## Your instructions:
Give all the lines below again, exactly, with no pictures.

## Dataset excerpt:
*** Block opens ***

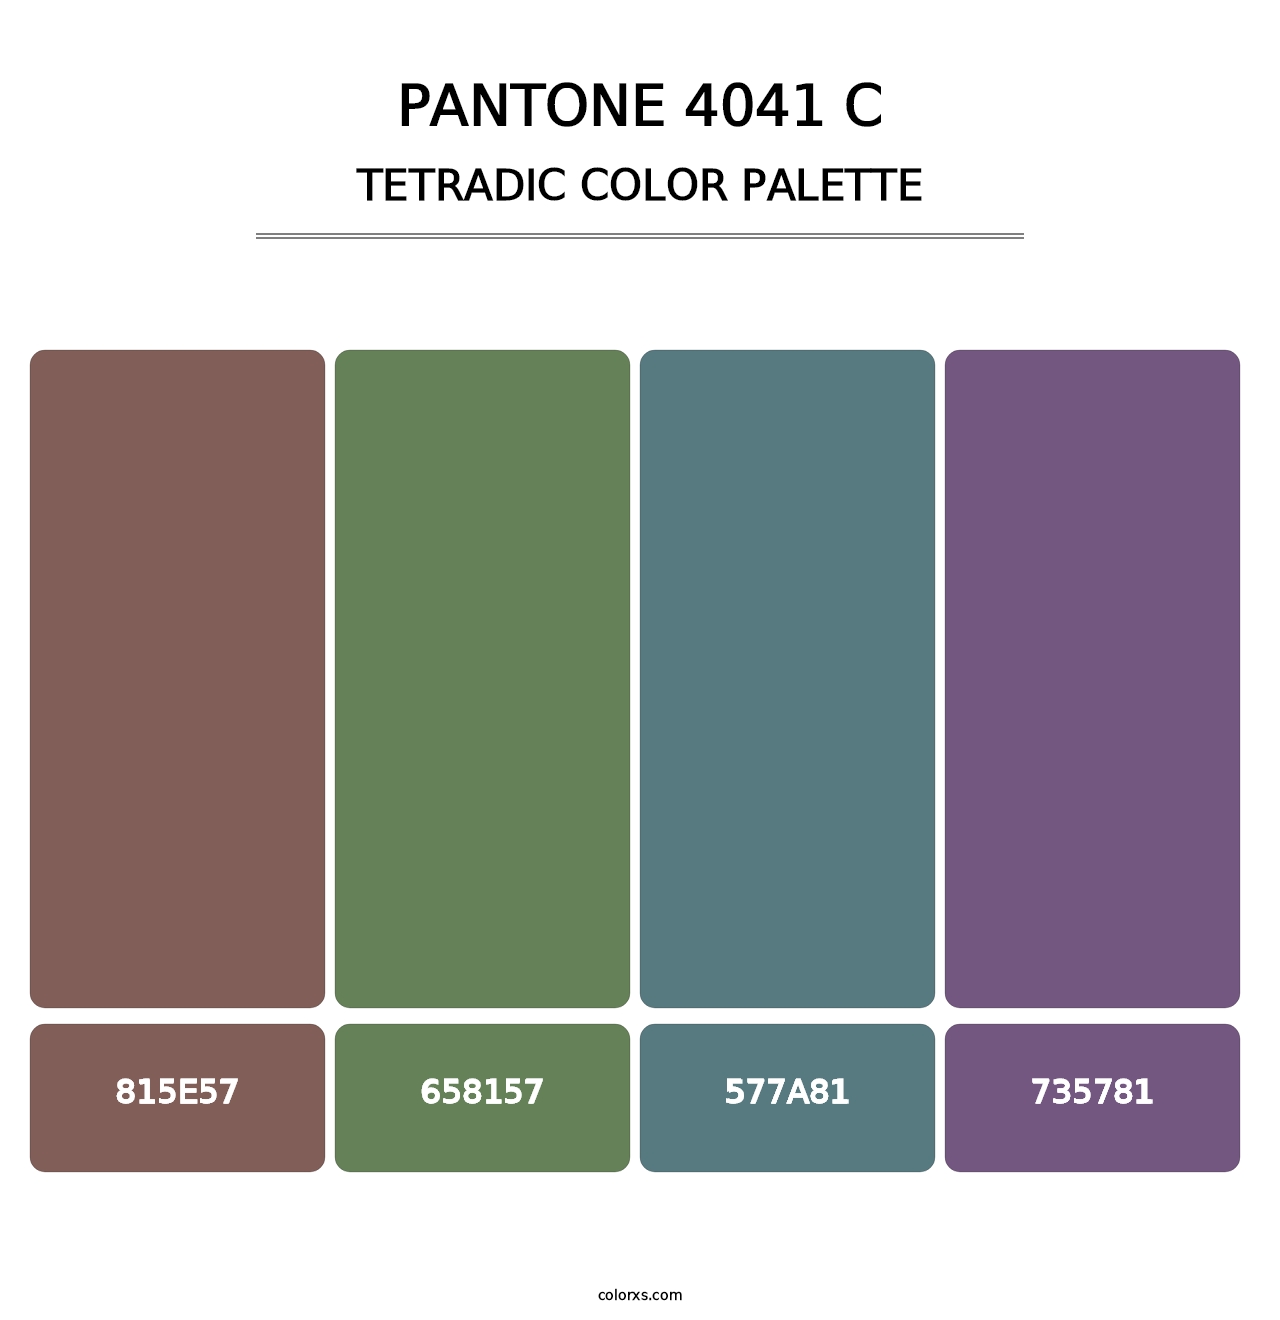 PANTONE 4041 C - Tetradic Color Palette
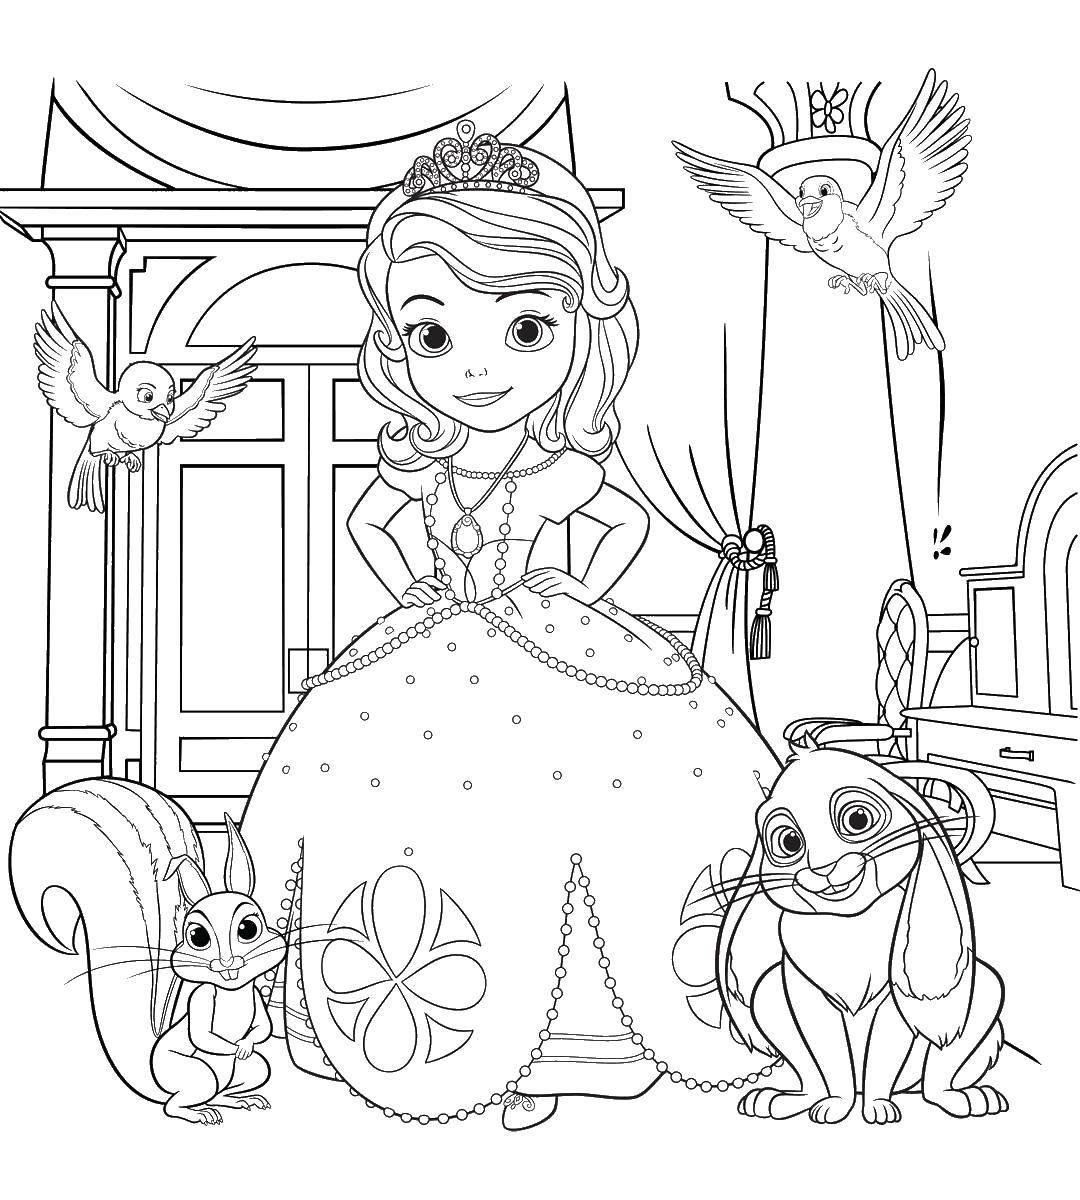 Название: Раскраска Принцесса. Категория: Персонажи из сказок. Теги: принцесса, платье, кролик, белка.
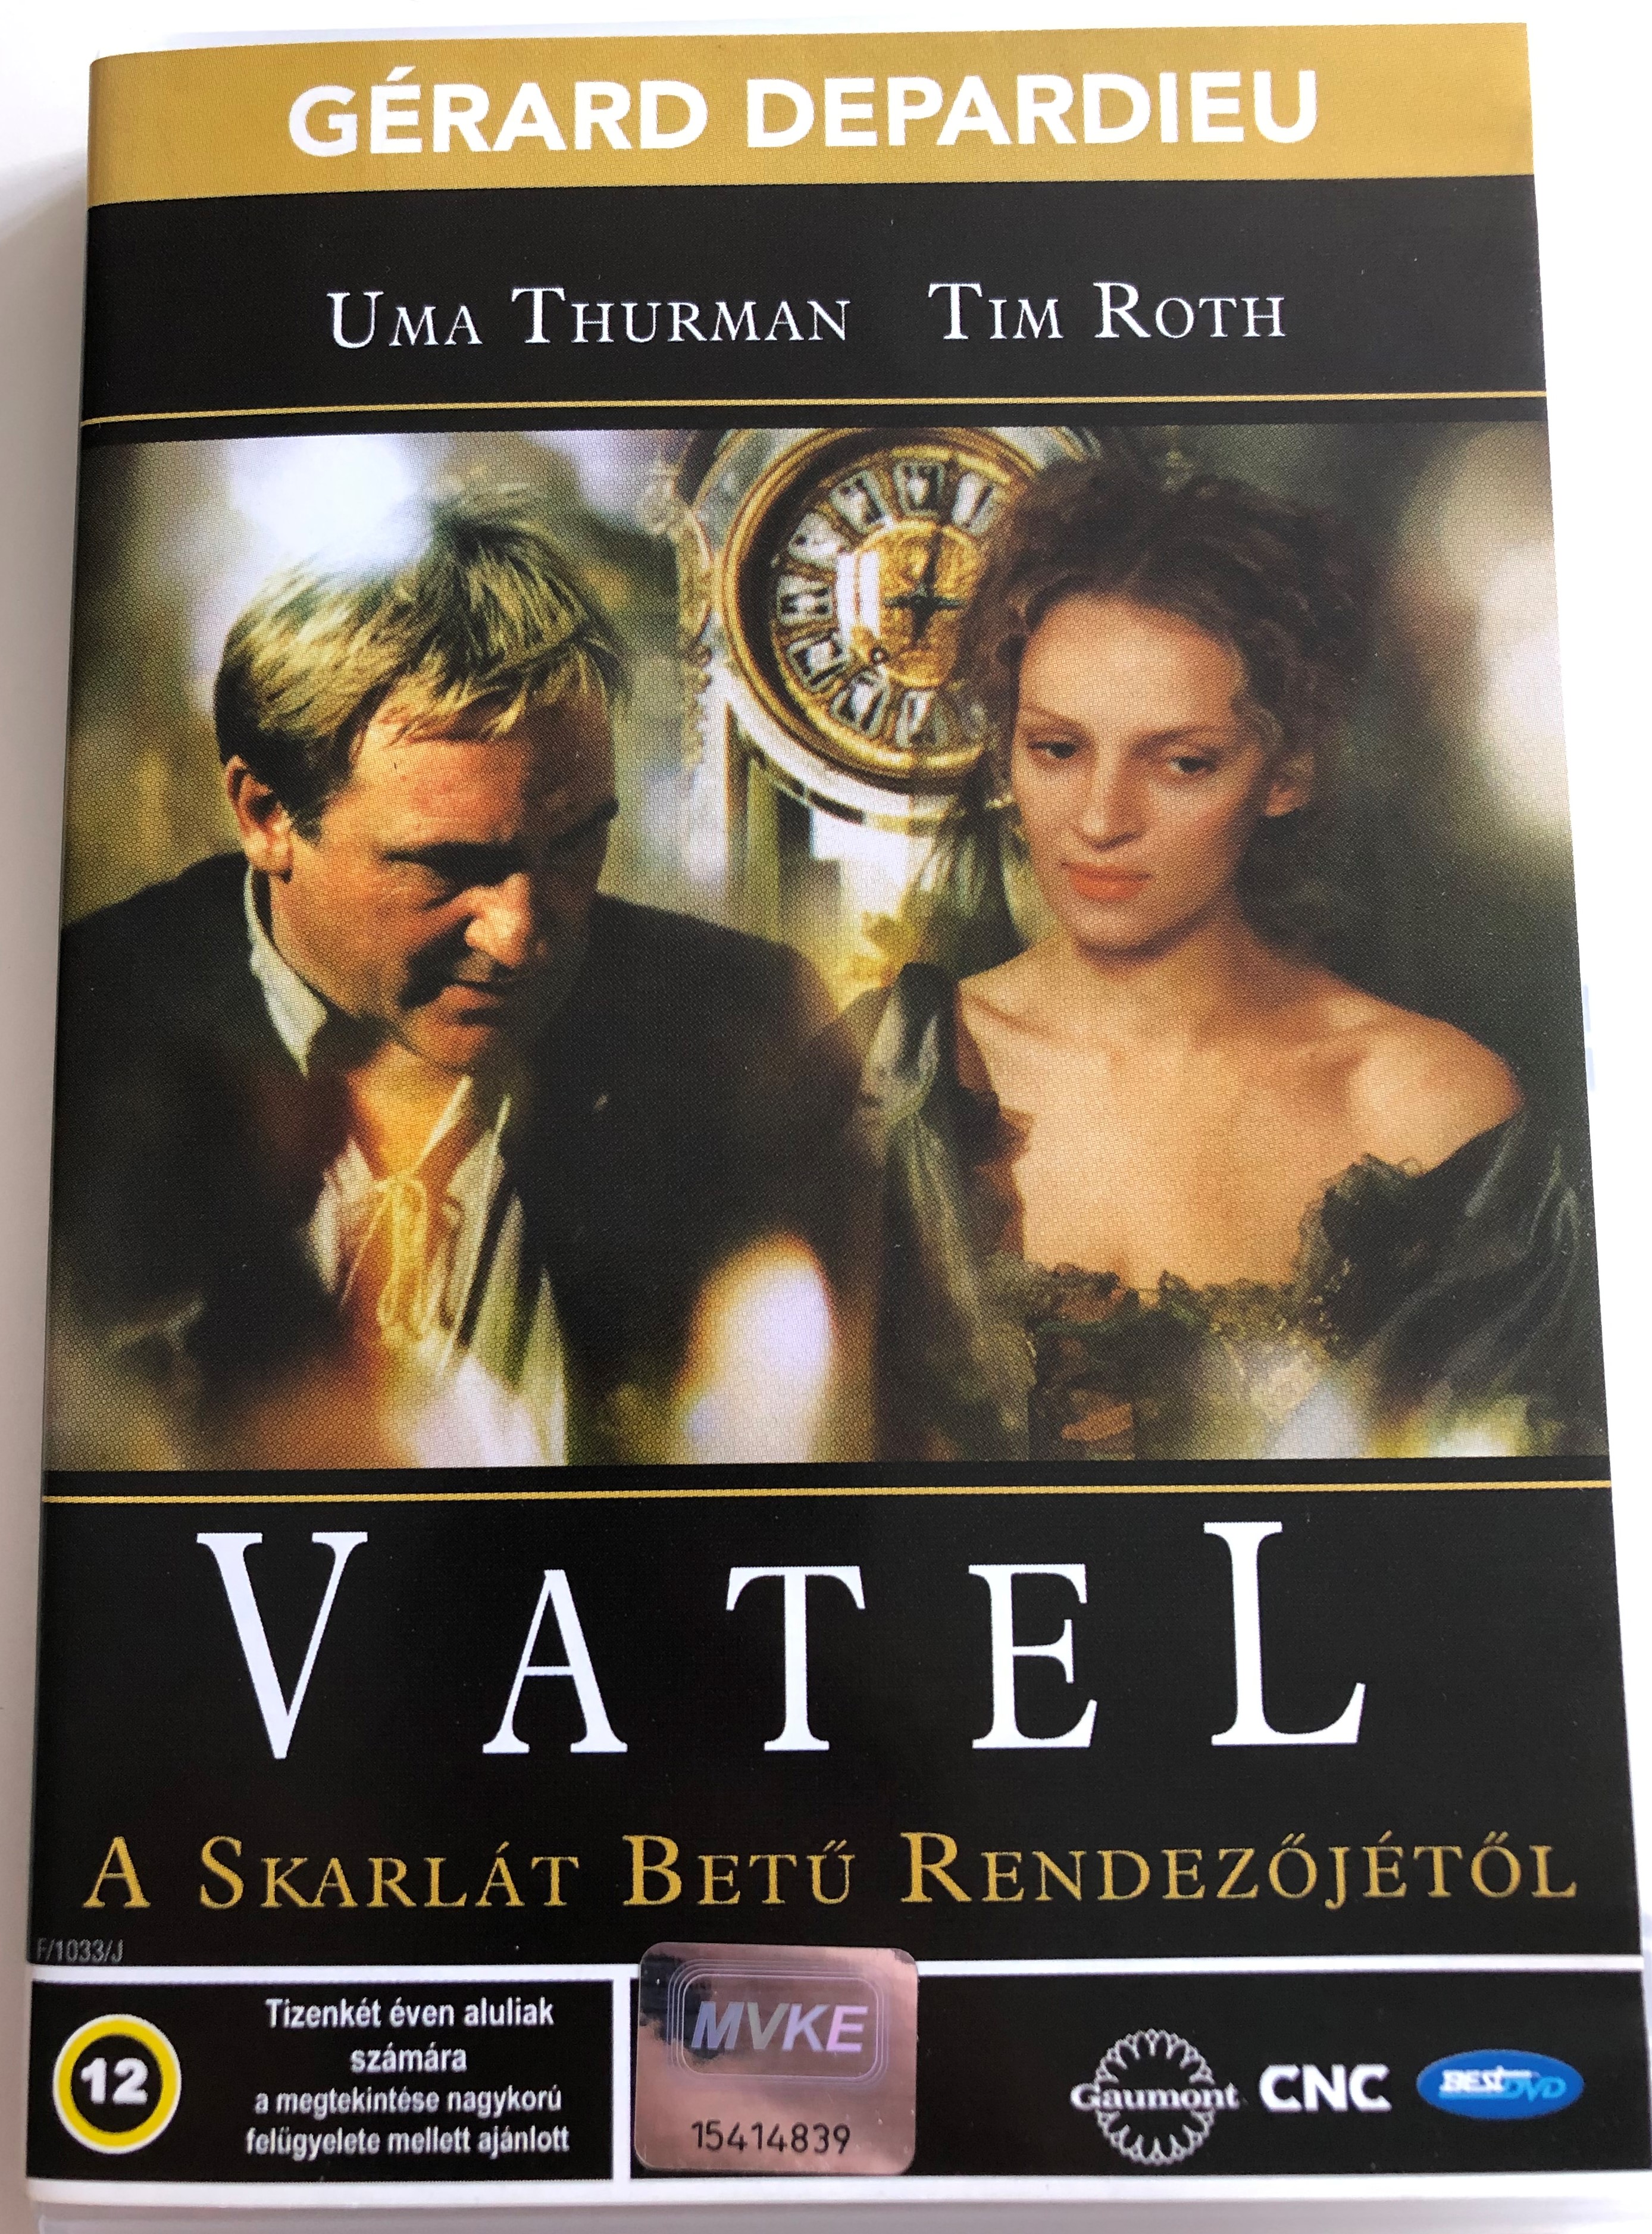 -vatel-dvd-2000-a-skarl-t-bet-rendez-j-t-l-directed-by-roland-joff-starring-g-rard-depardieu-uma-thurman-tim-roth-music-ennio-morricone-1-.jpg
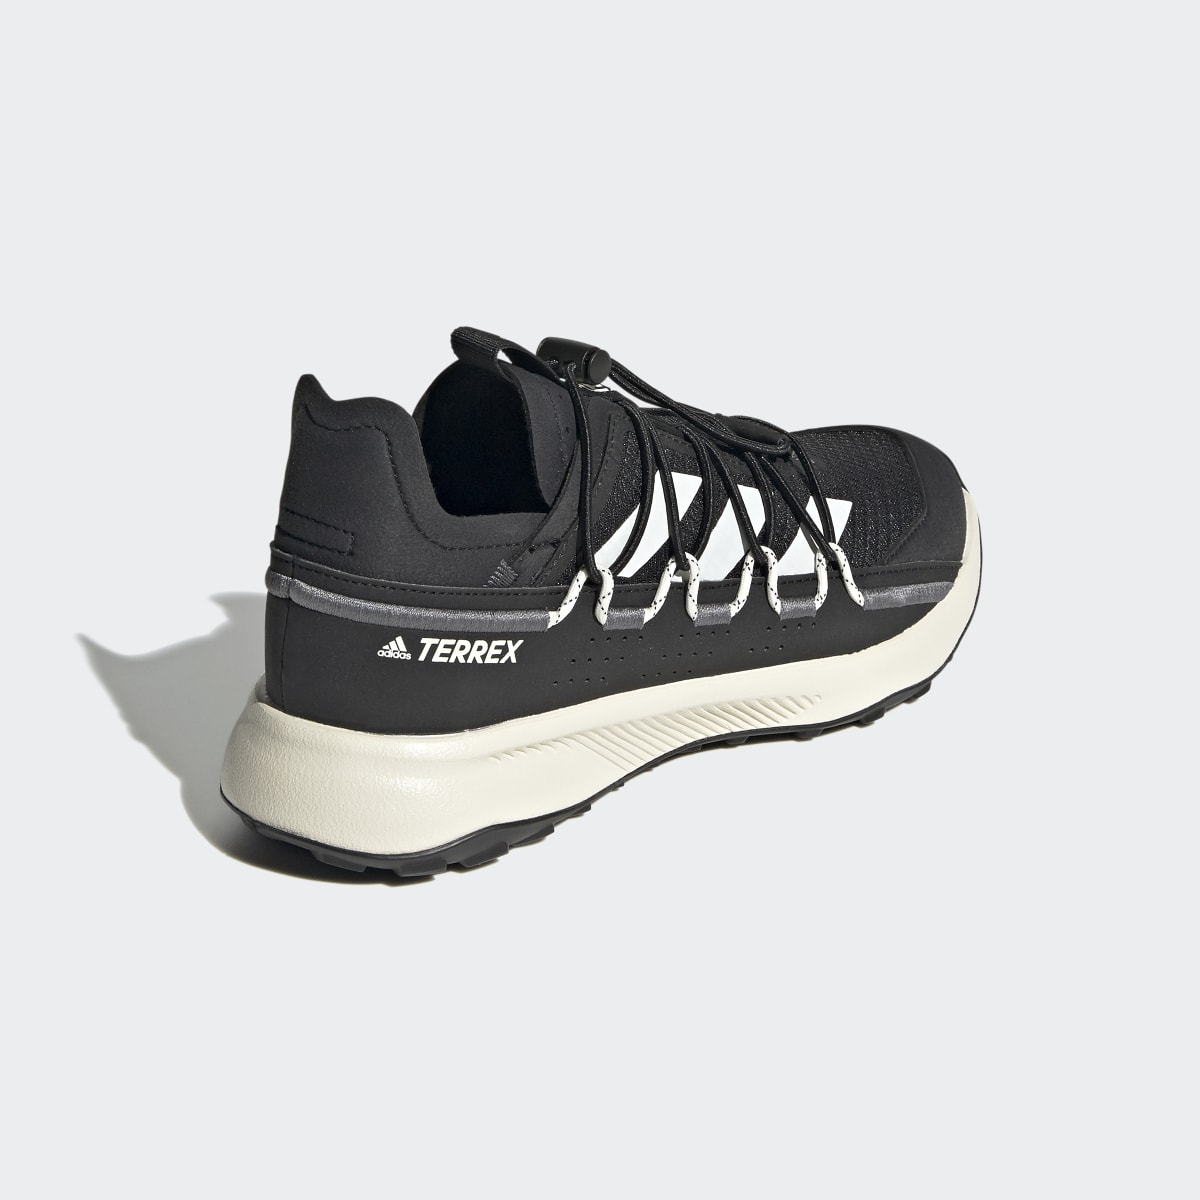 Adidas Scarpe Terrex Voyager 21 Travel. 6

*** Block closes ***

## Solved problem:
 PANTONE 4041 C - Tetradic Color Palette
 Название: Раскраска Принцесса. Категория: Персонажи из сказок. Теги: принцесса, платье, кролик, белка.
 -vatel-dvd-2000-a-skarl-t-bet-rendez-j-t-l-directed-by-roland-joff-starring-g-rard-depardieu-uma-thurman-tim-roth-music-ennio-morricone-1-.jpg
 Adidas Scarpe Terrex Voyager 21 Travel. 6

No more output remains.